M. B… se prévaut de la durée de son séjour en France et de son insertion professionnelle et sociale. Toutefois, s’il ressort des pièces du dossier que l’intéressé était présent en France depuis sept ans à la date de l’arrêté en litige, il ne démontre pas y avoir des liens d’une ancienneté ou intensité particulières. Par ailleurs, il n’est pas contesté que son épouse et ses trois enfants sont retournés en Turquie à la suite d’une première décision portant obligation de quitter le territoire français prise à leur encontre en février 2022, de telle sorte que la cellule familiale a vocation à se reconstituer dans leur pays d’origine. En outre, si M. B… se prévaut de son contrat de travail à durée indéterminée en qualité de carreleur conclut le 2 mai 2022 et de sa maîtrise du français, ces seuls éléments ne suffisent pas à établir qu’il a fixé, en France, le centre de ses intérêts personnels. Dans ces conditions, l’arrêté en litige ne peut être regardé comme portant au droit de M. B… au respect de sa vie privée et familiale une atteinte disproportionnée par rapport aux buts en vue desquels il a été pris. Par suite, le moyen tiré de la méconnaissance de l’article 8 de la convention européenne de sauvegarde des droits de l’homme et des libertés fondamentales doit être écarté.

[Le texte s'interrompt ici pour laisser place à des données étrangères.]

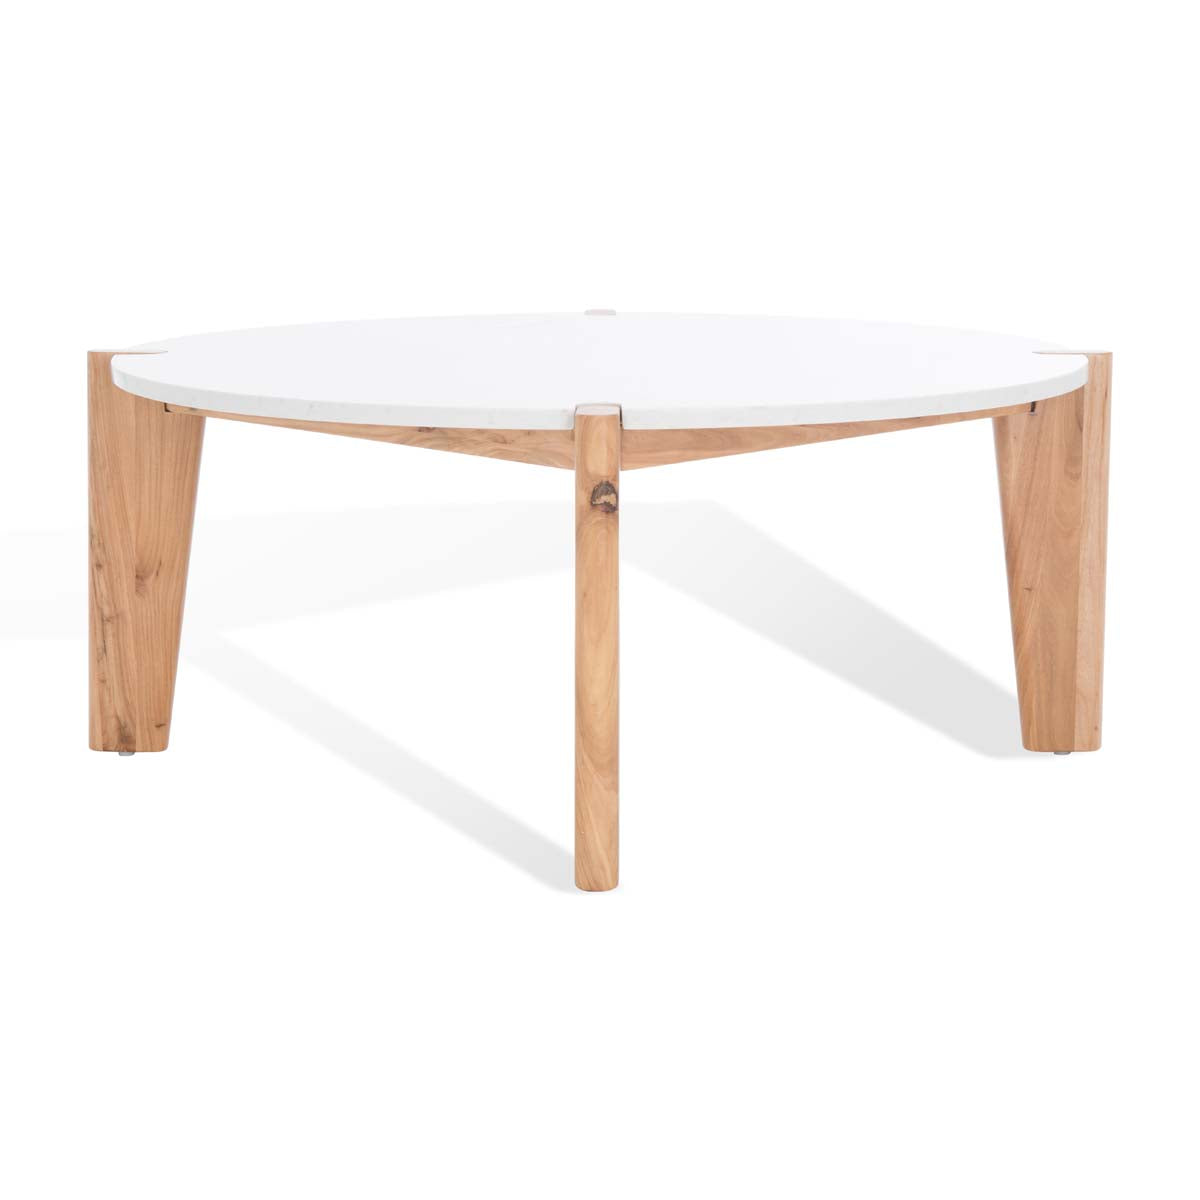 Safavieh Couture Garcia Marble Top Coffee Table - Natural / White

En quatrième lieu, aux termes de l’article L. 435-1 du code de l’entrée et du séjour des étrangers et du droit d’asile : « L’étranger dont l’admission au séjour répond à des considérations humanitaires ou se justifie au regard des motifs exceptionnels qu’il fait valoir peut se voir délivrer une carte de séjour temporaire portant la mention « salarié », « travailleur temporaire » ou « vie privée et familiale », sans que soit opposable la condition prévue à l’article L. 412-1(…) ».

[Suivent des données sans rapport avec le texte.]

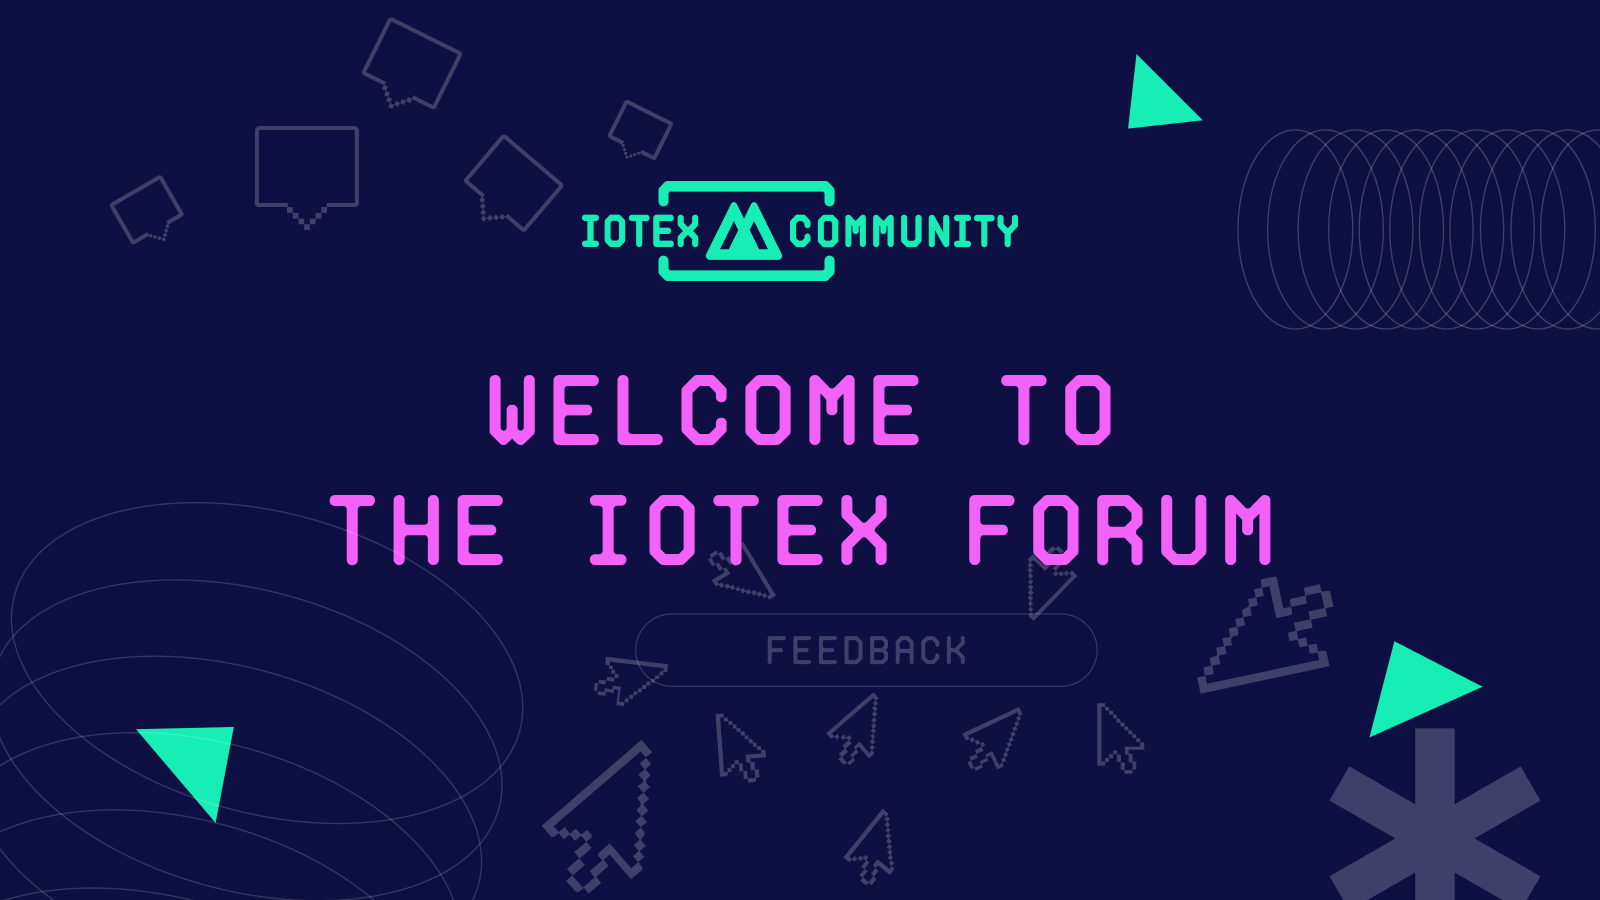 Welcome to the IoTeX Forum

M. B… invoque les mêmes éléments que ceux mentionnés au point 6 de la présente ordonnance. S’il invoque également sa situation professionnelle, il ne produit aucun élément de nature à établir qu’il occupe effectivement l’emploi pour lequel il a conclu un contrat à durée indéterminée en 2022, les seuls relevés d’indemnité de congé et avis d’impôt sur le revenu produits en première instance étant insuffisants à cet égard. Les seuls éléments invoqués ne constituent ainsi pas des motifs exceptionnels ou des considérations humanitaires justifiant son admission au séjour sur le fondement des dispositions précitées. Dans ces conditions, le moyen tiré de l’erreur manifeste d’appréciation qu’aurait commise le préfet au regard des dispositions de l’article L. 435-1 du code de l’entrée et du séjour des étrangers et du droit d’asile doit être écarté.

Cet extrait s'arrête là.